Having published numerous short story anthologies, Speak reaffirms her grasp of the form with 12 resonant tales. The brilliant, darkly comic opener and one of the book’s standouts, “Rock Paper Scissors,” is a master class in characterization. The story introduces Alice, 60, who, despite being divorced and depressed, anchors a rudderless, dysfunctional band of walking disasters. These include her unemployed adult son; her philandering boss; a daughter and fiance desperately struggling with artificial insemination; her infirm mother; and a dying boyfriend. It is a seemingly hopeless situation peopled by the downtrodden. This type of scenario surfaces in other tales like “Wilderness,” about a husband who prepares his dying wife for assisted suicide, and “Lake of Many Islands,” in which a group of friends assembles for a weekend of unexpected revelations. The engrossing title story features a disillusioned, aging artist abandoned by her partner only to discover a new love—one just as bruised by life as she is—waiting on her doorstep. The author’s prose is blissfully lyrical and often descriptively sets each tale’s tone in a single sentence. Impatient people beaten down by a winter season stomp across a snowy sidewalk “with the teeth of their winter boots, they have assaulted it with their demand for spring”; folks consumed with soul-searching do so with the passion of “a detective out to find a missing person”; first snowflakes are as “large as goose feathers turning in the air, perfect and pure.” Speak’s stories champion aging underdogs, many addled by disease or discontent, and throughout their grief or despair, she demonstrates an acute sensitivity to their plights.

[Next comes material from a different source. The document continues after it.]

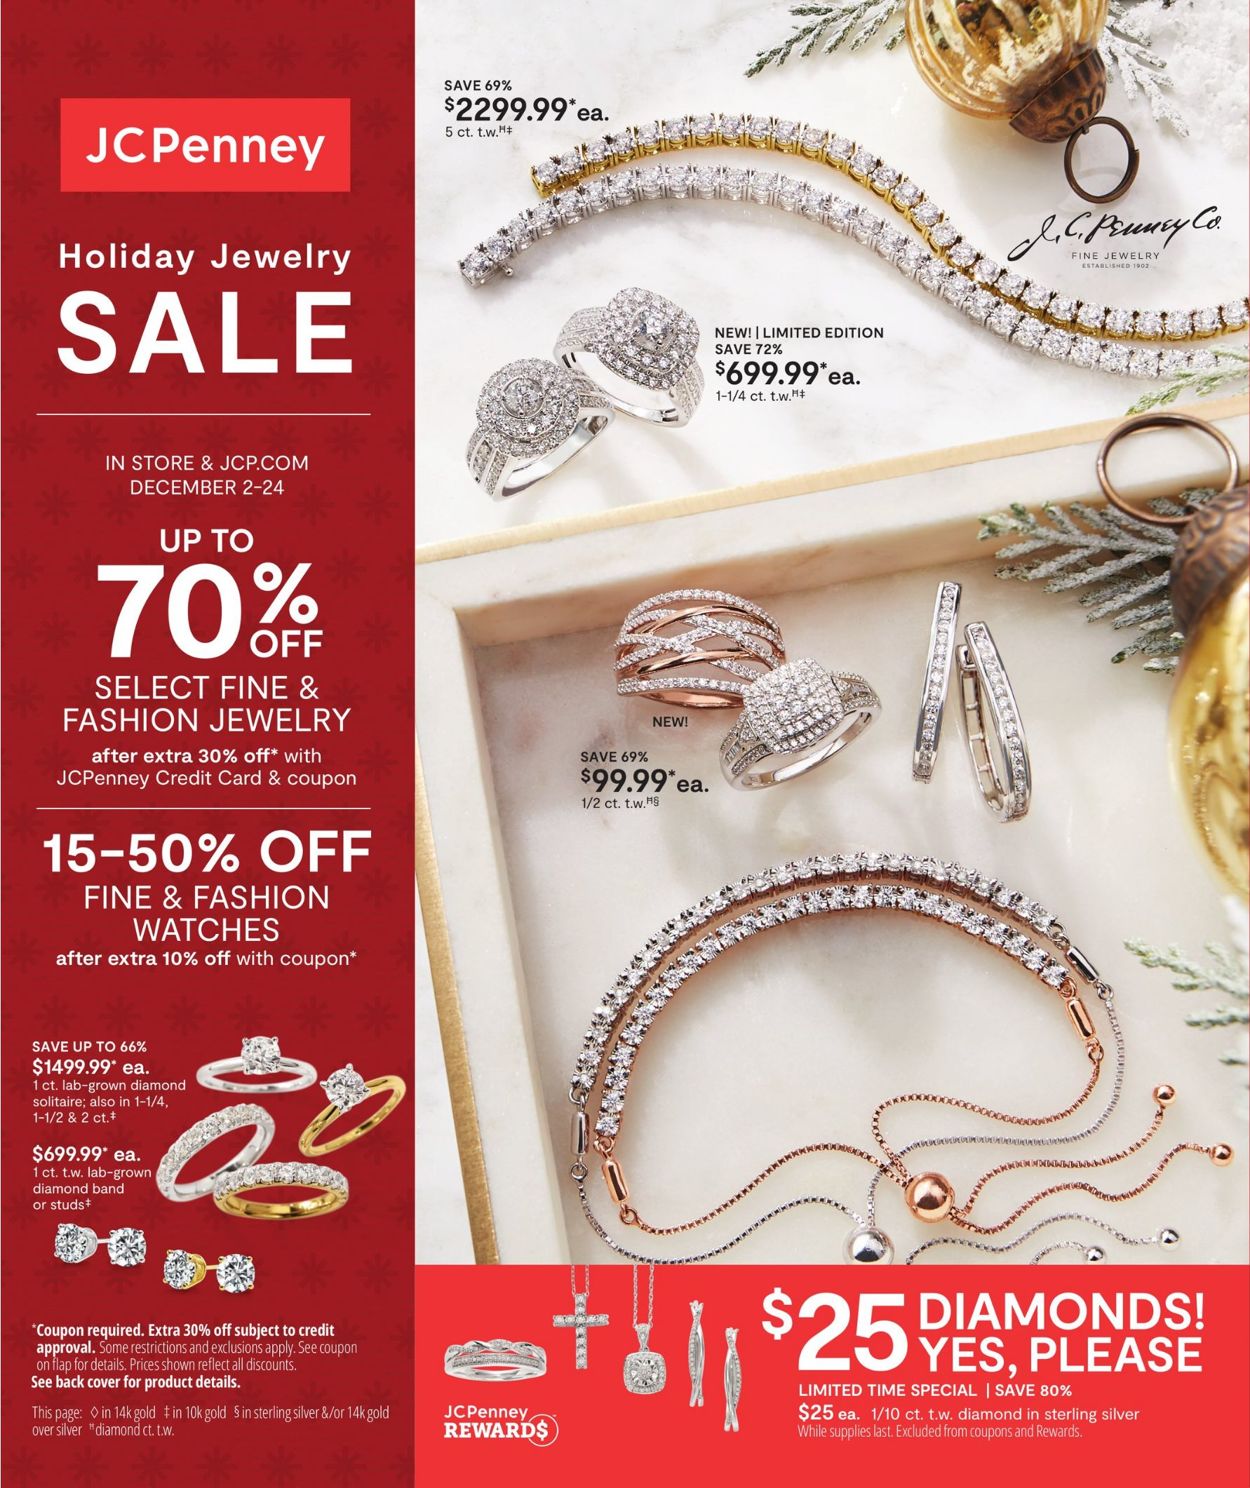 JCPenney Holiday Jewelry Sale 2020 Weekly Ad Circular - valid 12/02-12/24/2020

Into tales that could become overly sentimental, she injects redemption and sacrifice, as evidenced in the collection’s best-realized entry, “Honour,” leavening what seems like perennial hopelessness with glimmers of fun, renewal, and promise. The author rises to the challenge of compiling a group of Canada-set stories that will enchant with the beautiful, diverse, and ever evolving essence of human nature. As one character adores another’s wrinkles and sees “all the beauty life has wrought in her face,” readers will appreciate how Speak translates life’s pain and struggles into beauty.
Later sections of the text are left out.